Un seuil d’investissement total par 1000 litres
Les besoins de financement ne se limitent pas à la seule reprise de l’exploitation. En plus, le jeune installé devra financer le fonds de roulement ainsi que les éventuels projets de modernisation et de développement. Une étude conduite par le CERFrance a permis de suivre la trajectoire financière de 372 éleveurs laitiers installés sur des systèmes laitiers diversifiés pendant leurs trois premières années d’installation (de 2012 à 2015). Cette étude date d’une décennie. Mais, au-delà des chiffres, les enseignements restent d’actualité. En 2012, les éleveurs laitiers avaient investi, en moyenne, 1070 € par 1000 litres de lait pour s’installer. Trois ans plus tard, le montant de leurs investissements avait bondi de près de 20%. Le retour sur investissement (ROI) moyen était de 17 ans, une période très longue qui place 40 % des nouveaux installés en situation de risque élevé vis-à-vis des différents aléas.
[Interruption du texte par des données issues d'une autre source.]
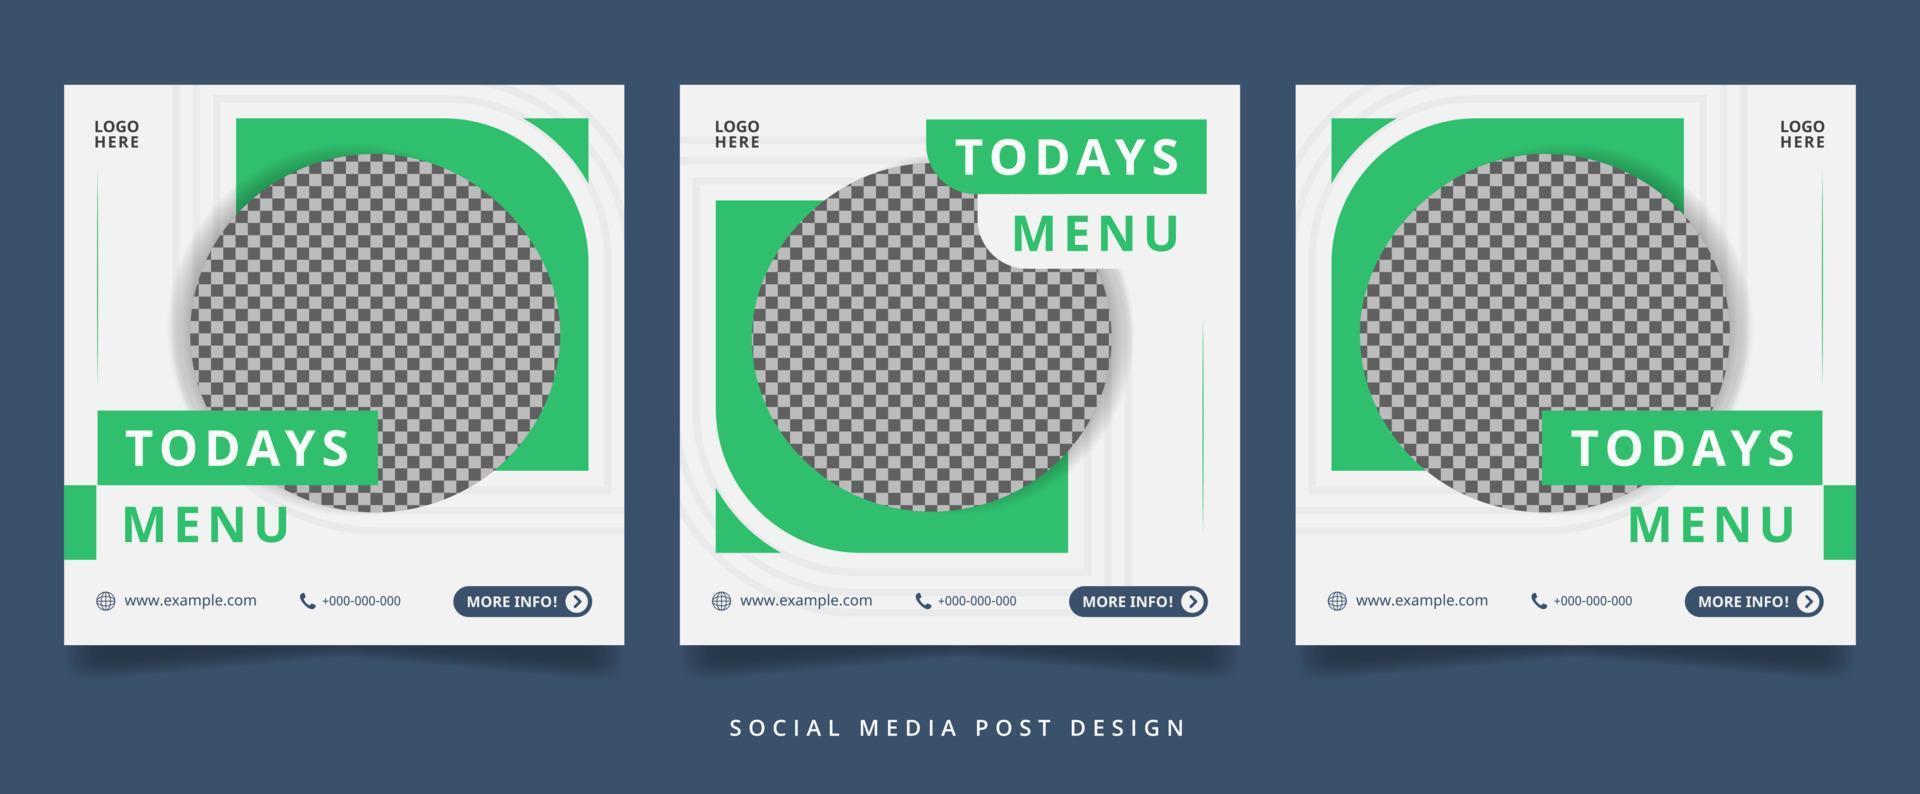 minimalistisk grön kulinarisk flygblad eller banner för sociala medier vektor

Cette étude montre qu’il faut raisonner le prix de rachat d’une exploitation en tenant compte des futurs besoins de financement pour la modernisation et pour le développement. L’ensemble ne devant pas dépasser un seuil qui était compris entre 800 et 900 € par 1000 litres de lait au début des années 2010. Au-delà, le résultat courant par UMO exploitant chutait de moitié. Un montant d’investissement trop élevé peut alors conduire à chercher à augmenter la productivité du travail au-delà de la limite qui permet de maîtriser la conduite et la technicité. Le bon équilibre entre vie professionnelle et privée peut également en pâtir.
L’autre enseignement de cette étude est que les besoins en fonds de roulement étaient sous-évalués pour 40% des nouveaux installés. Trois ans après leur installation, 30% des éleveurs avaient une trésorerie insuffisante et dans 15% des cas, elle était dans le rouge.
- Le CERFrance Brocéliande opère en Bretagne, sur les départements de l’Ille-et-Vilaine et sur le Morbihan ↩︎
Éric Bernard de Quatuor Transactions :
« La valeur de l’exploitation est très dépendante du foncier »
Le foncier détermine les capacités de production fourragère et donc du potentiel de livraison de lait. La surface accessible pour le pâturage va donner une plus-value à l’exploitation car elle offre la possibilité de choisir son système de production avec plus ou moins d’herbe pâturée. Le cheptel et le matériel peuvent-être vendus au prix de marché, mais la valeur du site d’exploitation est très dépendante du foncier : surface, dispersion, accessibilité pour le pâturage. Lors d’une transmission d’exploitation, l’amputation d’une part du foncier ou sa grande dispersion vont entraîner une décote très forte voir la non-vente de l’exploitation. Pour préparer la cession de son exploitation, il faut donc s’assurer de la maîtrise du foncier. Ce qui ne signifie pas d’en être totalement propriétaire. Mais plus le foncier est dispersé entre de multiples propriétaires, plus sa maîtrise sera compliquée lors de la cession de l’exploitation.